Every day has moments of complete chaos, even and especially when we design to avoid it.

A few evenings ago is a great example. I had sweet potatoes and veggies carmaelizing in the crockpot for dinner, easy and a done deal, so I thought. Just needed a sauce. Hey I love sauce.

I don’t know why I ever for one second convince myself things are going to run smoothly.

When I pick Ari up from school, he acts like he’s starving. This is when he turns into a psycho little monster boy, grabbing anything and everything to stuff in his mouth. If a good dinner isn’t ready right away, he will snack, therefore no appetite for dinner when it’s actually ready.

This day however, dinner actually WAS ready, but I was preoccupied with my hands and couldn’t serve it the exact very moment we walked in the door. I cannot wait until Ari starts serving me dinner, I swear I’ll make a huge fuss if it’s not ready on time. But anyway, Ari grabbed a yogurt to hold himself over. The idea of eating a small snack before dinner, well, let’s just say this mind blowing concept is new to Ari, so it’s not really full proof just yet.

Max was having a moment, understandably. Anyone with new teeth attempting to saw through their gums is completely deserving of a moment. He needed me to massage his gums, while he cried on my shoulder, while I bounced him slightly up and down.

Anything other than this was unacceptable.

So there I stood bouncing Max while he gnawled on my finger, and a sweet voice from the kitchen exclaims, “Mommy, I peed on the floor!”

Um, what.

Next thing I know, I’ve got a naked boy running around my kitchen splashing his foot in his pee.
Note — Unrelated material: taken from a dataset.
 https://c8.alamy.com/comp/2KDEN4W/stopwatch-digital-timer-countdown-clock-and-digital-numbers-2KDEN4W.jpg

In my attempts to clean it up, Max projectile spit-up on top of it, like literally right on top of it. Then Abby (our dog) starts licking it all up. Unbelievable. It’s like they had some gross master plan working against me, their own mother!
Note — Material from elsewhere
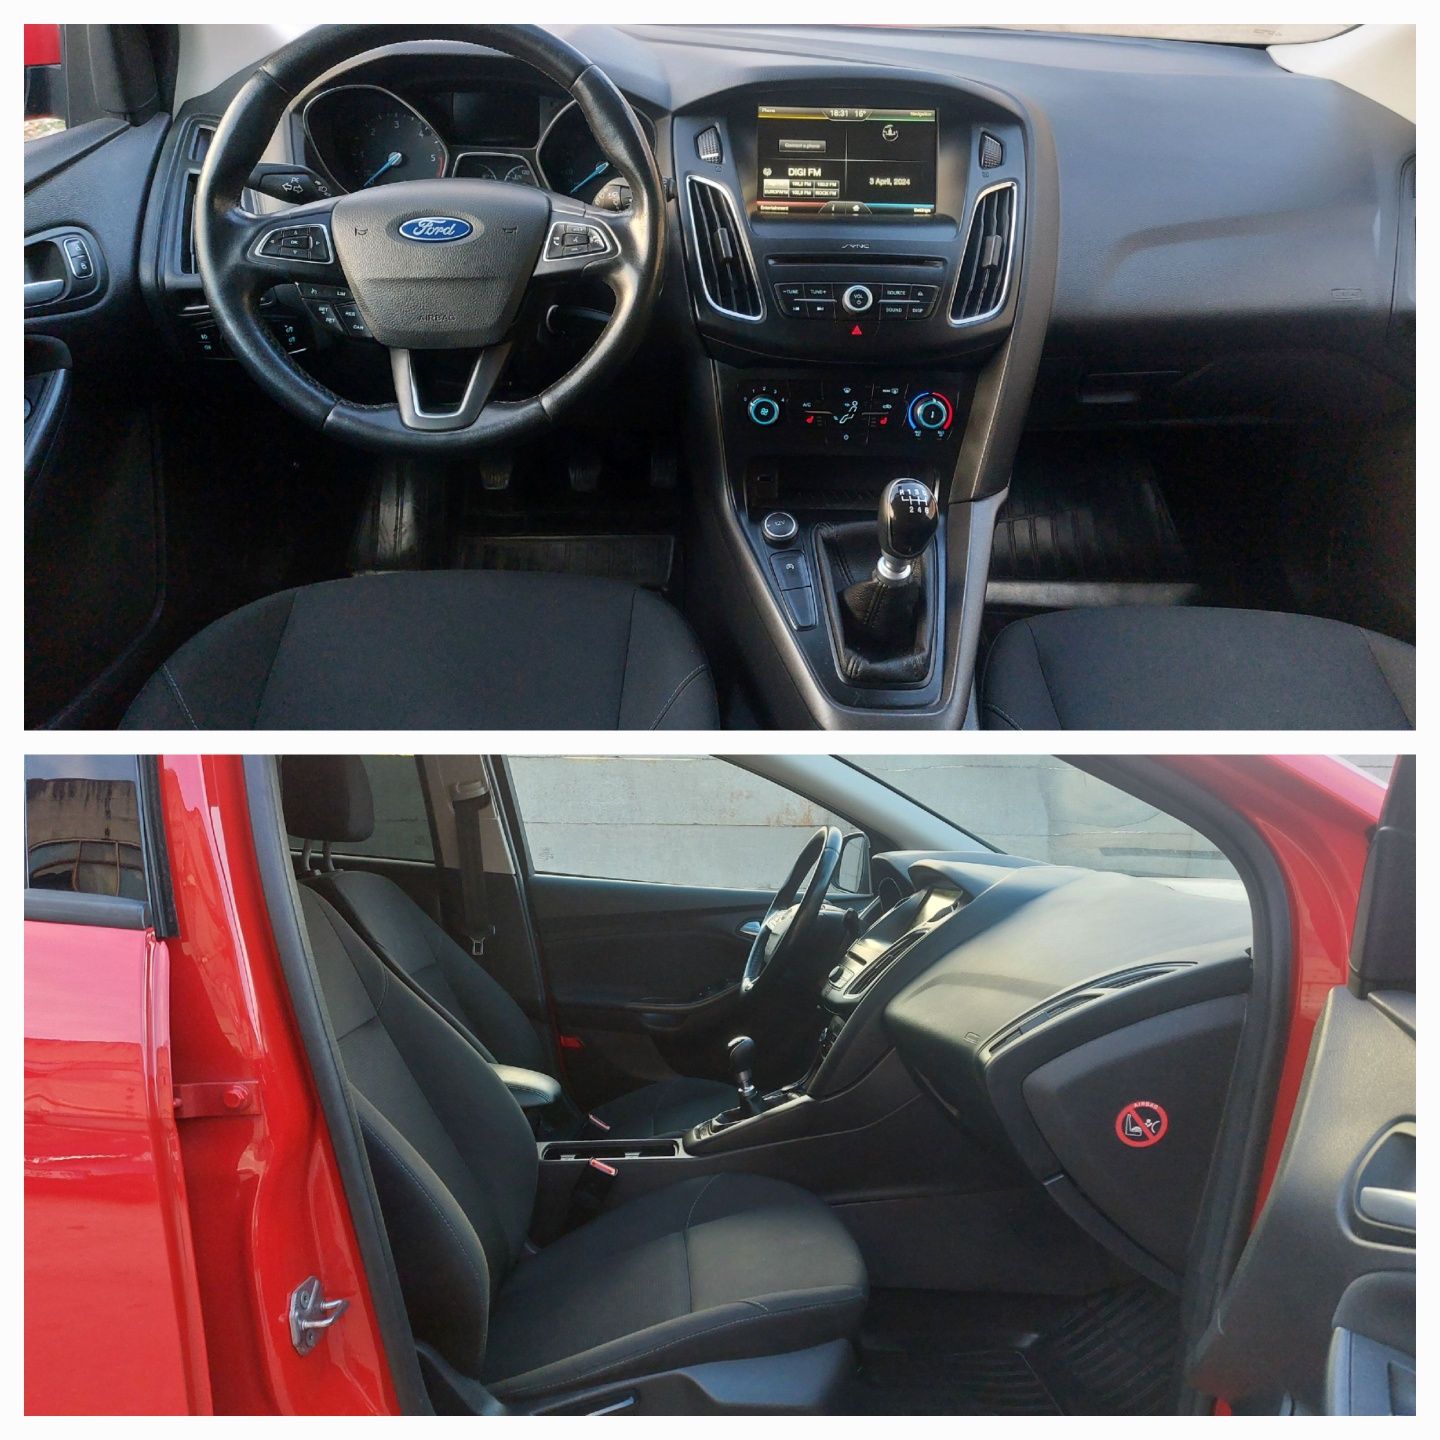 Ford Focus 2015 / 1.5 Tdci -120 Cp / Bi-Xenon , Navigatie Color/Euro 6

No freaking crockpot veggies for dinner. No wine reduction sauce, no pretending I’m a food scientist in the kitchen while my children sit nicely and watch me. Peanut butter sandwiches, chips, and Oreos. ON THE COUCH. The hours that followed were equally as chaotic this particular day.

Bedtime finally arrived, hallelujah praise the lord. But you know what happened next? The exact same thing that happens every night. I attempted to drift, to check out, to relax. No such luck, next to their beds I went to watch them dream. My sweet sweet boys, I’m never not thinking of you.